Философы дискурса, философы постмодерна работают подчеркнуто фрагментарно. Поэтому их работа в основе своей строится на противопоставлении логоса и дискурса, которое мы задали выше. Постмодернист атакует тотальность логоса с помощью фрагментарности дискурса. Отсюда ясно, почему главное ругательное слово в вокабуляре Жака Деррида – это логоцентризм, и почему он так стремится уничтожить метафизику, которая как раз и строится на примате абсолютного и самотождественного логоса. Именно на это направлена деконструкция, о которой речь впереди, на это направлена и генеалогия в традиции Ницше – Фуко, которая стремится разрушить логоцентрическое единство большой истории, обнаруживая в ней множественность микроисторий, фрагментов, событий и столкновений единичных сил. Пожалуй, любой проект философии постмодерна – будь то деконструкция и генеалогия (археология), будь то шизоанализ, семиология, анализ симулякров и так далее – имеет свою главную цель в атаке на своего главного врага, который явлен в метафизической традиции тотального логоса. Атакованный и взорванный изнутри дискурс раскалывается на множество дискурсов, которые бесконечно фрагментируют мир языка и сознания.

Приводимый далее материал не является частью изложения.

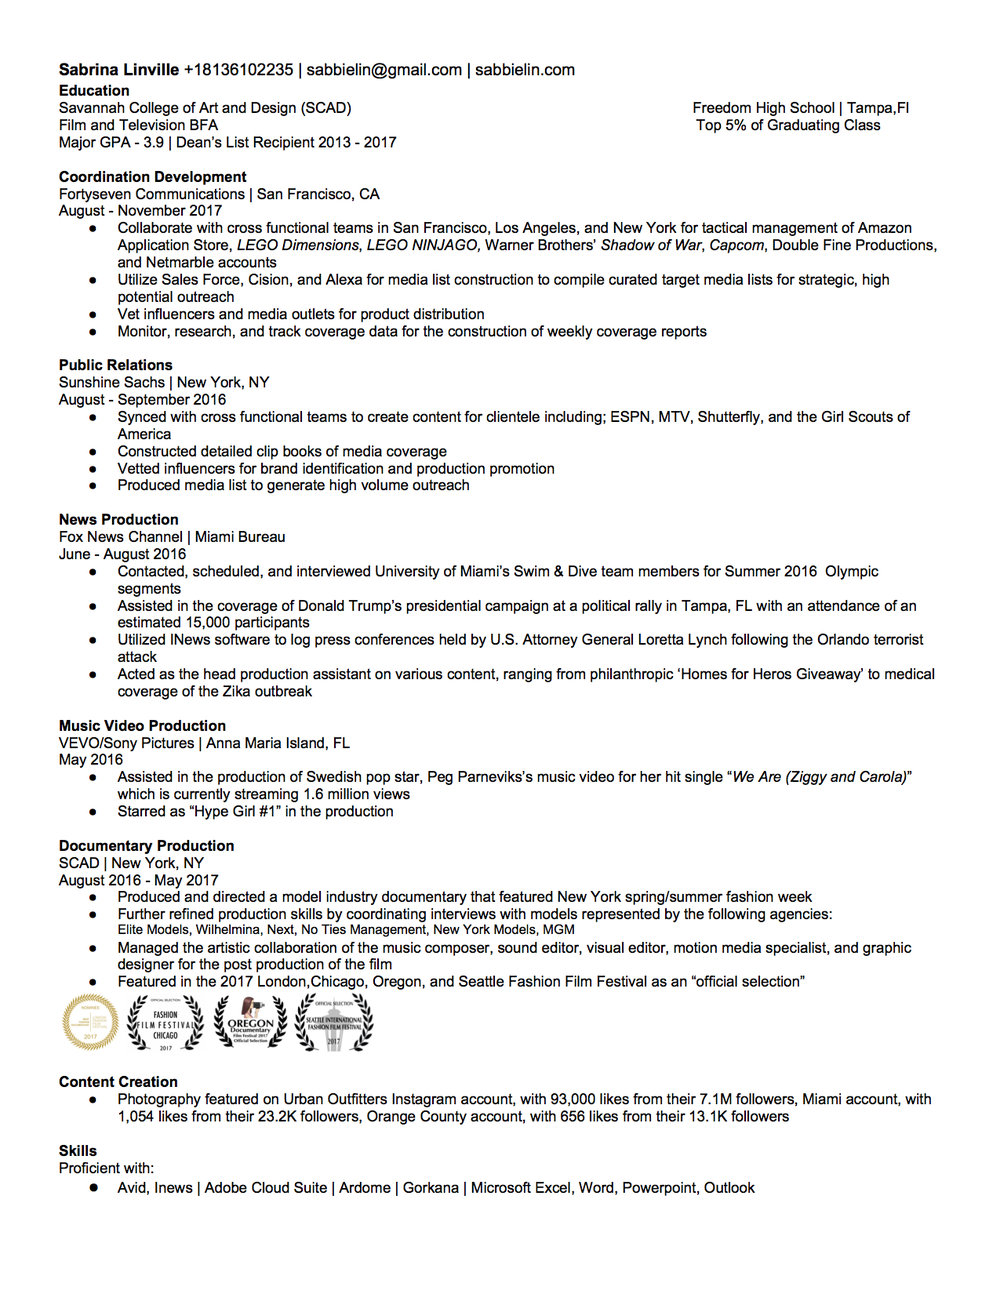 Resume — sabrina linville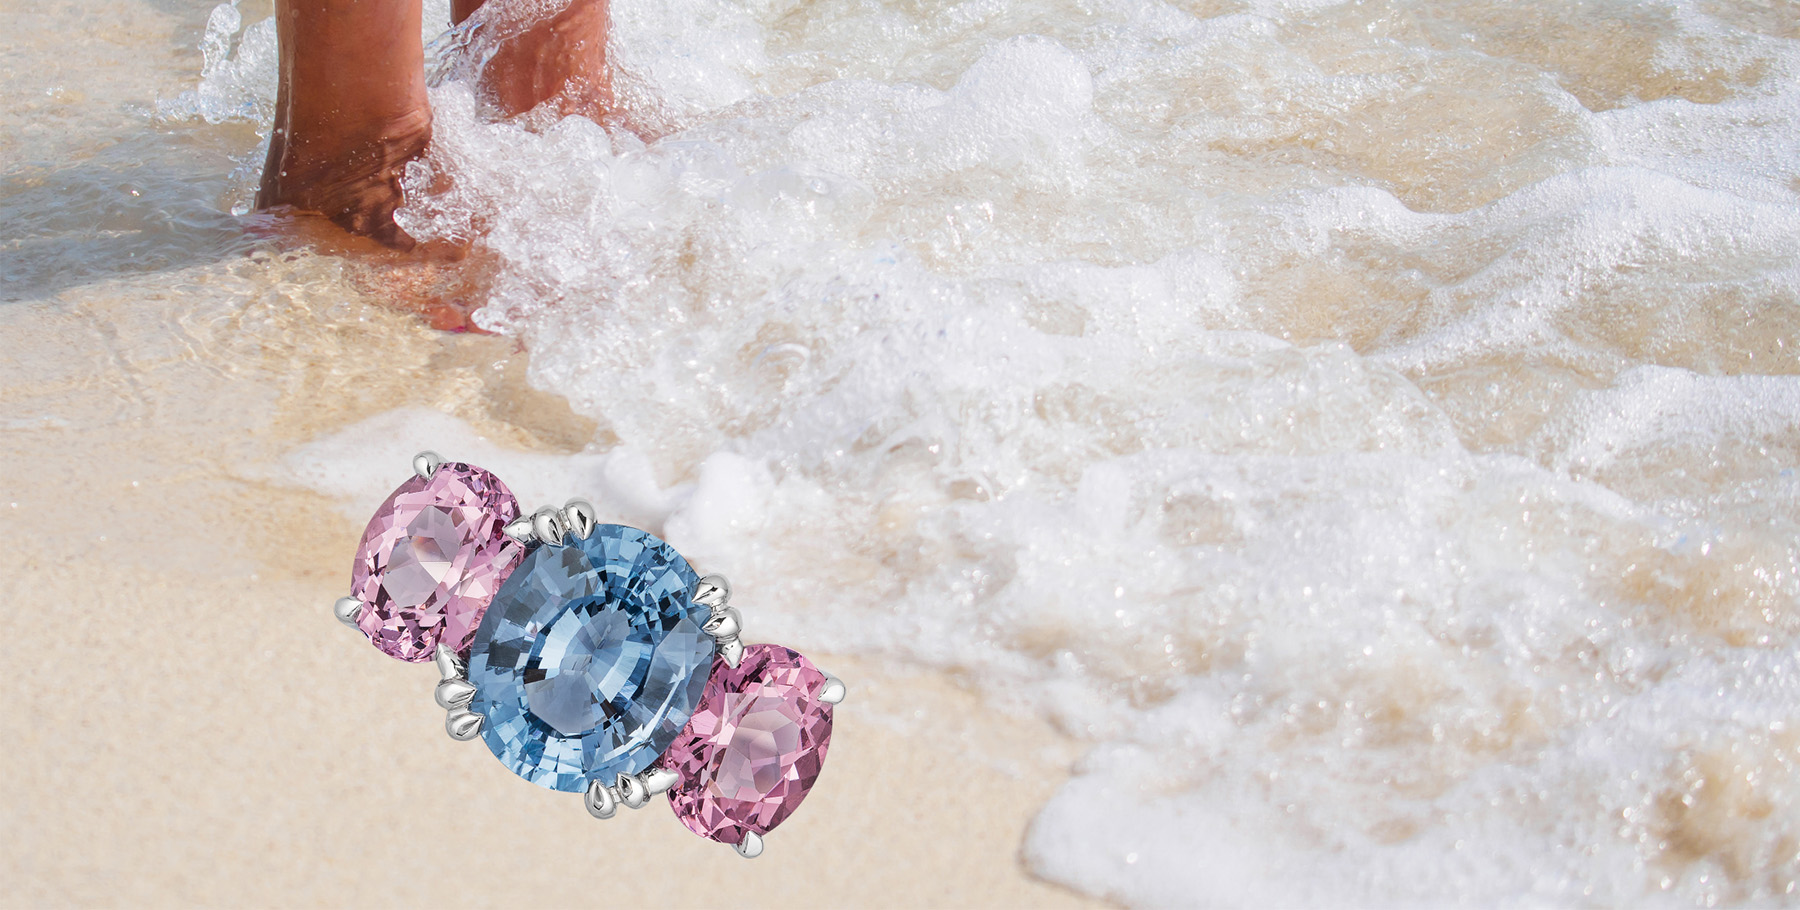 """Summer Jewelry Care Tips"" by jewelry designer Cynthia Renée."

Если логос – это тотальность (всегда обещанная, но никогда не реализованная), то дискурс – это сингулярность, то есть единичность, которую нельзя абсолютизировать и которая всегда ограничена Другим иных множественных единичностей. Сингулярность, таким образом, есть фрагмент, есть нечто именно такое, какое оно есть – скажем, таковость, этовость. Дискурс именно такой, это отличает его от другого дискурса, который тоже такой, какой он есть. Таким образом противопоставленные друг другу дискурсы могут вести себя по-разному. Они могут существовать, соблюдая границу, уважая их общую инаковость. Другой вариант – нарушать границу, заходить на территорию Другого, пытаться подчинить его своим имманентным правилам, делая их трансцендентными. В этом втором случае дискурс тяготеет к тому, чтобы вновь стать логосом. Сталкивающиеся дискурсы открывают в себе ницшеанскую волю к власти, волю к силе и разрастанию, волю к подчинению себе других дискурсов. К примеру, очень часто наука перестает заниматься своими дискурсивными делами и вмешивается в существование других дискурсов, указывая им на то, что вот это, мол, ненаучно, поэтому это чушь. Безусловно, внутри научного дискурса все это чушь, как и наука есть чушь внутри, скажем, религиозного дискурса. Как изнутри науки невозможно сформулировать религиозного высказывания, так и изнутри религии невозможно сформулировать высказывания научного. Понимания этого достаточно, чтобы соблюдать границу. Но получается это крайне редко.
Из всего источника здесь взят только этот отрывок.